Поскольку корабль вскоре оказывается в открытом море, пассажирам быстро надоедает смотреть на воду. Один за другим они сбегают из застекленного помещения, предпочитая любоваться роскошным убранством "Франции", ее бронзой и розовым деревом, дамастом и позолотой, канделябрами и коврами. Равель же остается на месте, желая как можно дольше созерцать серо-зеленую поверхность, изборожденную эфемерными белыми всплесками, и надеясь - а почему бы и нет? - почерпнуть в этом зрелище мелодическую линию, ритм, лейтмотив. Он прекрасно знает, что так никогда не бывает, что подобным образом ничего не удается создать, что вдохновения не существует, что музыку сочиняют, сидя перед клавиатурой. Но что из того, коли уж ему впервые довелось увидеть океанский простор, отчего бы не попробовать? Увы, ему почти сразу становится ясно, что этот простор не сулит никаких мелодий, и Равеля тоже настигает утомление; тень скуки обостряет его черты, взяв в союзницы вернувшуюся бумерангом усталость, и эти невнятные метафоры также доказывают, что ему невредно было бы немного отдохнуть. Равель ныряет в недра корабля, пускаясь на поиски своего "сьюта"; его почти забавляет сознание, что он может заблудиться в этом ковчеге посреди океана. Наконец он отыскивает каюту и ложится на койку, ожидая захода в Саутгемптон, предусмотренного где-то во второй половине дня, после чего судно снова снимется с якоря и отправится дальше. Вот тогда-то, собственно, и начнется настоящий трансатлантический рейс.
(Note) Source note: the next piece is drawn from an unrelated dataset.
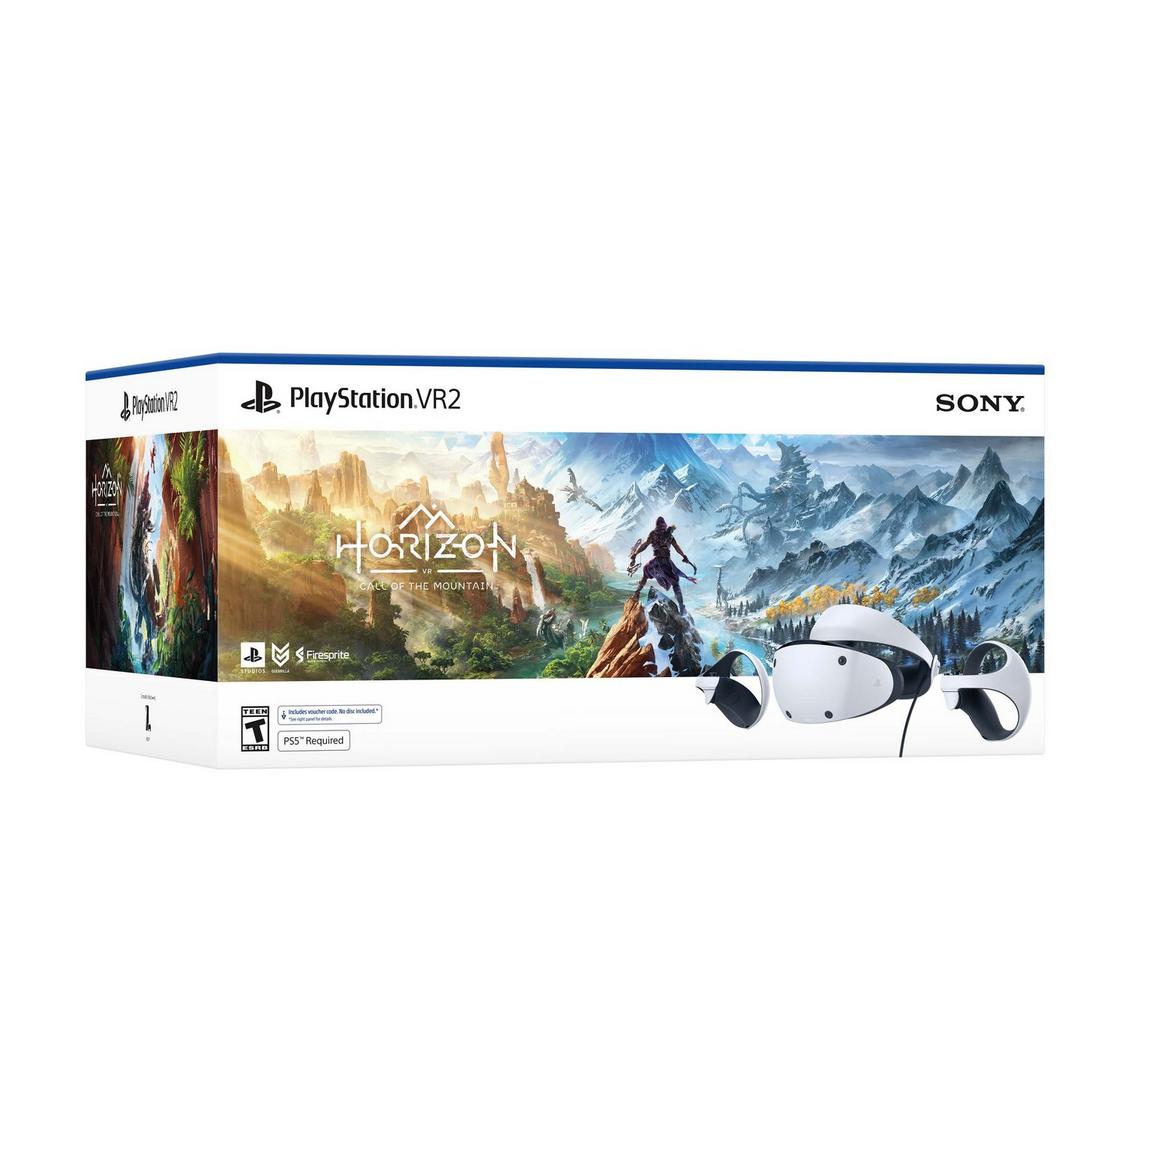 Sony Playstation VR2 Horizon Bundle:Available by Order Only

На него снова нападает слабость: ведь он сегодня, можно сказать, не обедал, если не считать крутого яйца, съеденного на пристани; кроме того, ядреный морской воздух перенасытил его тщедушную грудь. Растянувшись на постели, он пытается вздремнуть хоть минутку, но его нервозность борется с изнеможением, и эта схватка лишь усугубляет то и другое, выливаясь в нечто третье - физическое и моральное недомогание, превосходящее по силе сумму его составляющих. Поэтому волей-неволей ему приходится встать; он принимается шагать взад-вперед по каюте, изучая ее подробно, но безрезультатно, и в конце концов решает просмотреть свой багаж и убедиться, что он ничего не забыл. Нет, все на месте. Если не считать маленького синего чемоданчика, набитого под завязку сигаретами "Голуаз", в остальных сложены, например, шестьдесят рубашек, двадцать пар обуви, семьдесят пять галстуков и двадцать пять пижам, что с учетом принципа соотношения частей гардероба дает более или менее ясное представление о целом.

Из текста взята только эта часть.